Translating Knowledge into Savings
Rule No. 1: operation = energy consumption. Minimize your systems’ operational schedules to operate only when necessary. Although this seems obvious, it’s frequently not done. Dig into the details of your system based on its programming and controls to find out exactly when each component in the system is running. Be sure your systems are turned off or set back during weekends and holidays when occupancy is low. If you need to accommodate only a few people in the building, look for creative solutions rather than operating the entire system for the additional time. If systems give you trouble at start-up, don’t automatically start entire systems 2 hours before occupancy. Experiment with different start times. Better yet, look at an optimal start-up strategy with proper controls. Control strategies work well once they’re optimized.
Match the cooling and heating capacity delivered by systems as close as possible to the actual load on the system. Having variable capacity capability is essential to achieving better alignment with the load, but you can’t tap into this flexibility without the right controls. Once you understand what your equipment is doing to meet the load, you can tell if your equipment needs an upgrade or if your controls need an upgrade, or possibly both. For example, the short cycling of pumps is one key indicator that you may need a variable speed drive upgrade. Short cycling of compressors or chillers are other warning factors.
Take advantage of “free” cooling prior to occupancy. Operate your fan systems in a morning cool-down mode to pull in outside air. In a large building, the temperature differential between the outside air and building mass usually makes running the fans in the early morning more efficient than bringing the chiller plant online earlier in the day. Although it’s a common belief that you need a temperature delta of 10 to 12 degrees or greater to warrant this strategy, even a delta of 6 to 8 degrees can consume less energy than bringing the chiller plant online sooner in the morning.
During occupancy, make sure the dampers in an airside economizer package are working properly. Even on larger buildings with experienced staff, it’s not unusual to find that dampers don’t open at all, or don’t open and close as completely as they should. Water-side economizers are even more efficient than airside economizers, but they require controls that can fail undetected, resulting in mechanical cooling operation in lieu of free cooling. The facility manager should integrate inspections into the maintenance plan to verify that all valves and dampers maintain correct positioning.

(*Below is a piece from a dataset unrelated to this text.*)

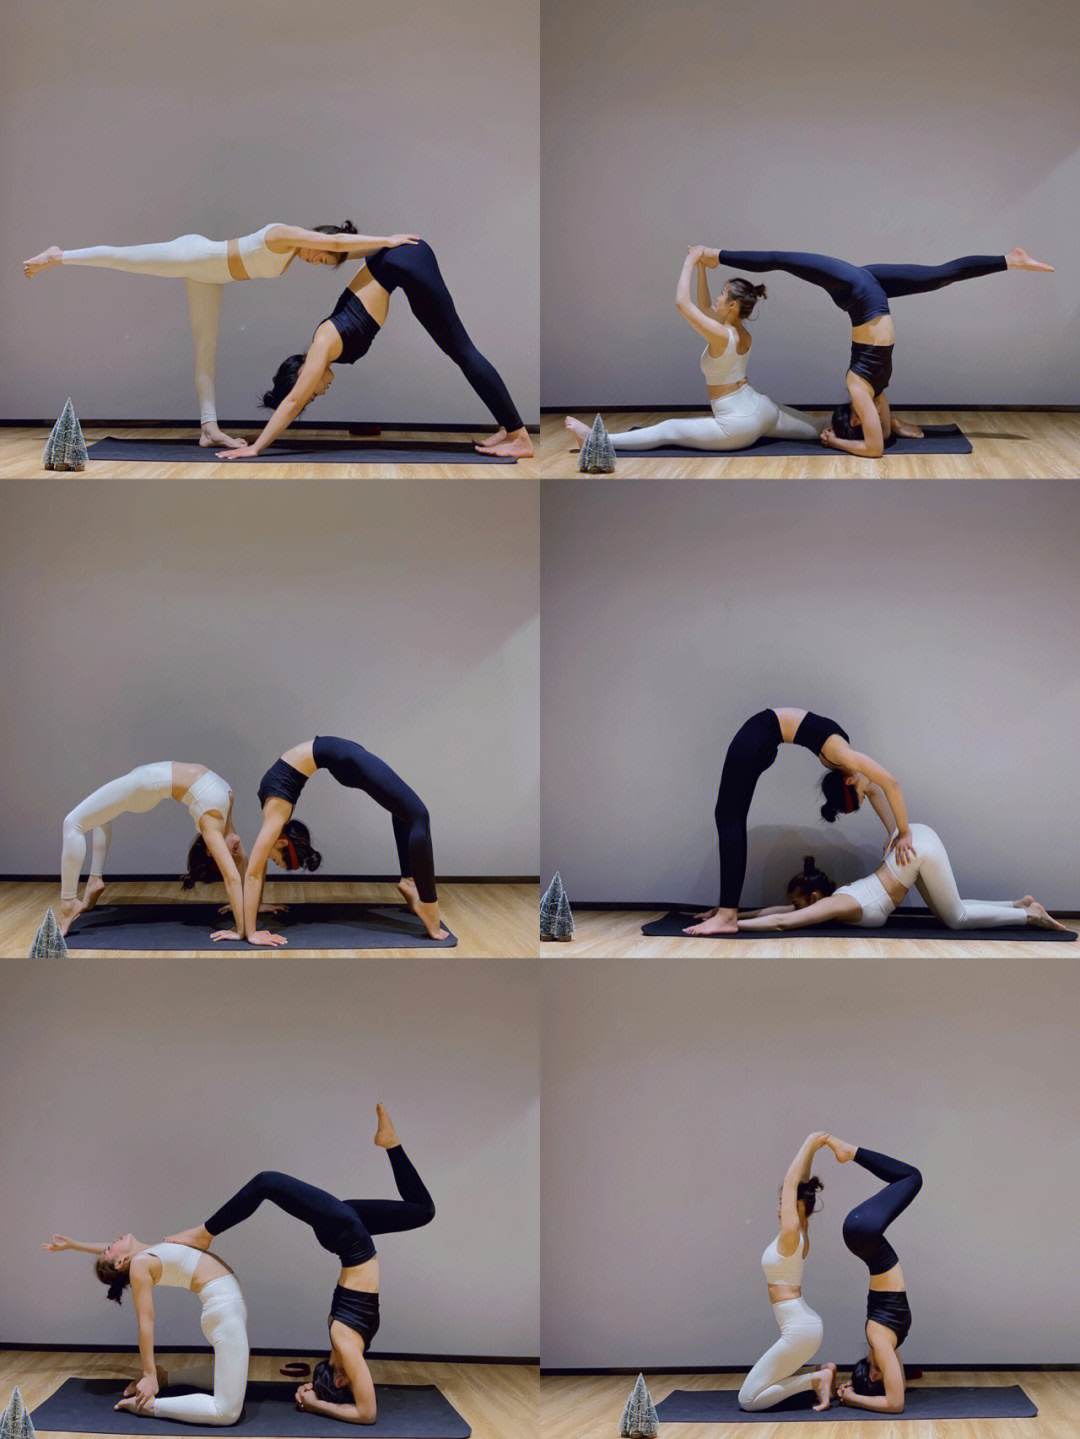 双人瑜伽简单动作图片

Utilize additional cooling capacity available from a cooling tower to lower your condenser water temperature, which will lower your chiller’s power consumption. This is commonly known as floating head pressure control. Look at the whole picture. Understand how each piece of equipment operates within the system. How you would expect them to operate may differ from how they actually operate once they’re affected by other equipment in a system. For example, in the Northwest, simultaneous heating and cooling occurs in large buildings to heat the perimeter and cool the interior or cool one exposure while heating another. Understanding the load diversity within your building’s zones will help you create an optimized solution for delivery of cooling and heating capacities. Recognizing significant load diversity may warrant system changes.
Three Power Tools
Three tools exist to help you assess the details of how your system is operating: observation, functional testing, and trending or data logging.
Observation. Go beyond walking through your space. Inspect your systems frequently to see how they’re operating on a day-to-day basis under real load conditions. Take full advantage of all available design and construction documentation on the building to understand the intent of each piece of equipment in each system.